Hartman pisze, żeby krzyż został na Giewoncie, ale by „nie znaczył, że Podhale nie jest już Polską i nie obowiązuje tam polska konstytucja, nakazująca władzom publicznym z równym dystansem traktować wszystkie wyznania i światopoglądy”.
Uważa, że ratunkiem dla krzyża jest to, by stał się on symbolem wszystkich. Według niego zgoda nie będzie możliwa, póki katolicy będą uważać się za właścicieli tego symbolu. Podkreśla, że tak samo jak katolicy są na Podhalu u siebie, to tak samo u siebie są ateiści, czy wyznawczy innych religii.
Wysuwa inne pomysły działań, które jego zdaniem zminimalizują ryzyko porażenia piorunem na Giewoncie.
„Warto coś z tym zrobić – np. zakazać wejść w dni, w które przewidywane są wyładowania atmosferyczne.
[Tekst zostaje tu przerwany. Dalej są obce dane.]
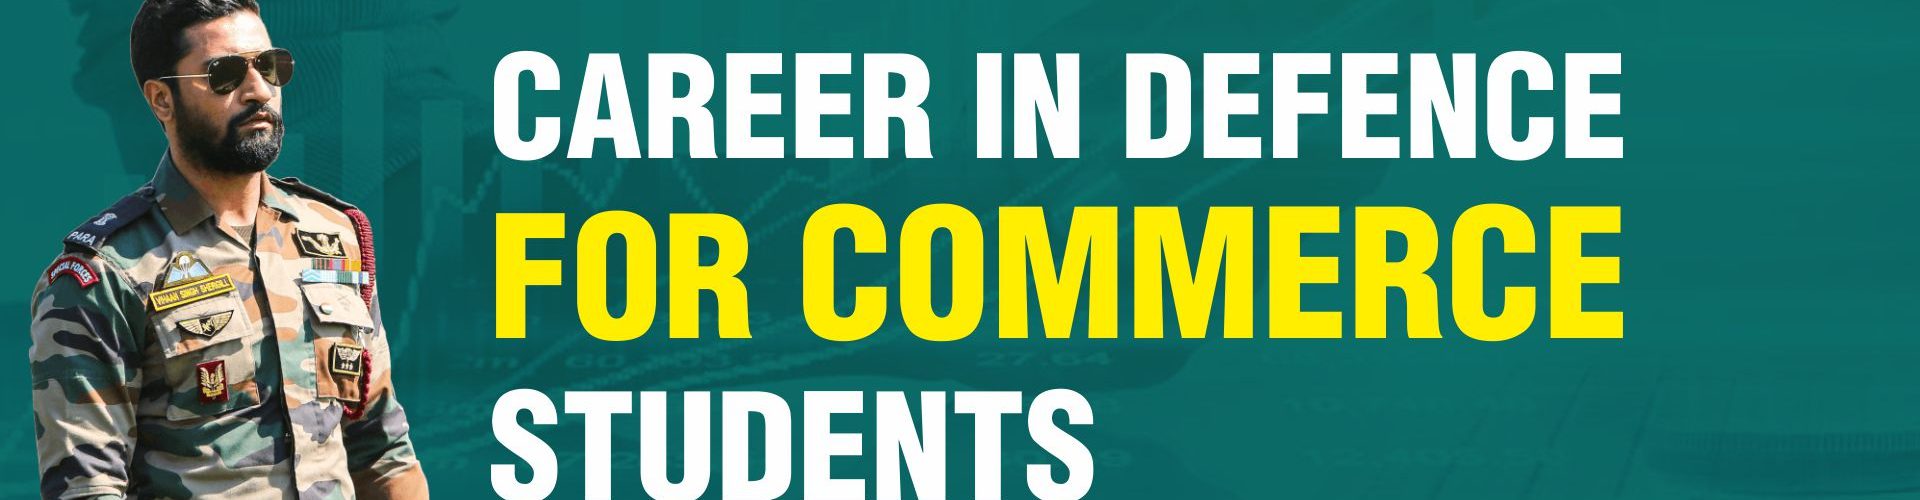 Career in Defence for Commerce students

A może dałoby się pokryć krzyż jakąś substancją izolującą? A może wywiercić w podłożu głębokie uziemienie, jednocześnie izolując podstawę konstrukcji od otaczającej ją skały?” – pyta.
Krzyż nadal zabija! Usunąć z Giewontu!
— Jan Hartman (@JanHartman1) August 22, 2019
Tatry. „Za katolickim krzyżem stoi przemoc”
Jego zdaniem w liście władz Zakopanego można odczytać pogróżki przed gniewem górali. Hartman obawiałby się przemocy fizycznej ze strony górali, bo, jak dalej pisze, „za katolickim krzyżem stoi przemoc albo zagrożenie przemocą. I zawsze tak było, od kiedy chrześcijaństwo stało się religią władzy, uzurpującą sobie prawo własności symbolu krzyża”.
Dodał także, że nikt krzyża nie będzie usuwać, więc katolicy nie będą musieli nikogo bić z tego powodu. Odwołał się także do historii i stwierdził, że „przemoc była zawsze w głównym nurcie chrześcijaństwa”. Krzyż natomiast nazywa symbolem bogobójstwa i narzędziem tortur.
Na koniec zwrócił się jeszcze do władz Zakopanego.
„Nie chciałbym się z Państwem gniewać. (…) Proszę pamiętać, że to wspaniałe i jedyne takie na świecie miasto ma w swej chlubnej historii kulturowej wątki i postacie nie tylko chrześcijańskie, lecz również antychrześcijańskie i antykatolickie. Na chrześcijaństwie ani świat, ani Zakopane się nie kończą” – napisał Jan Harman.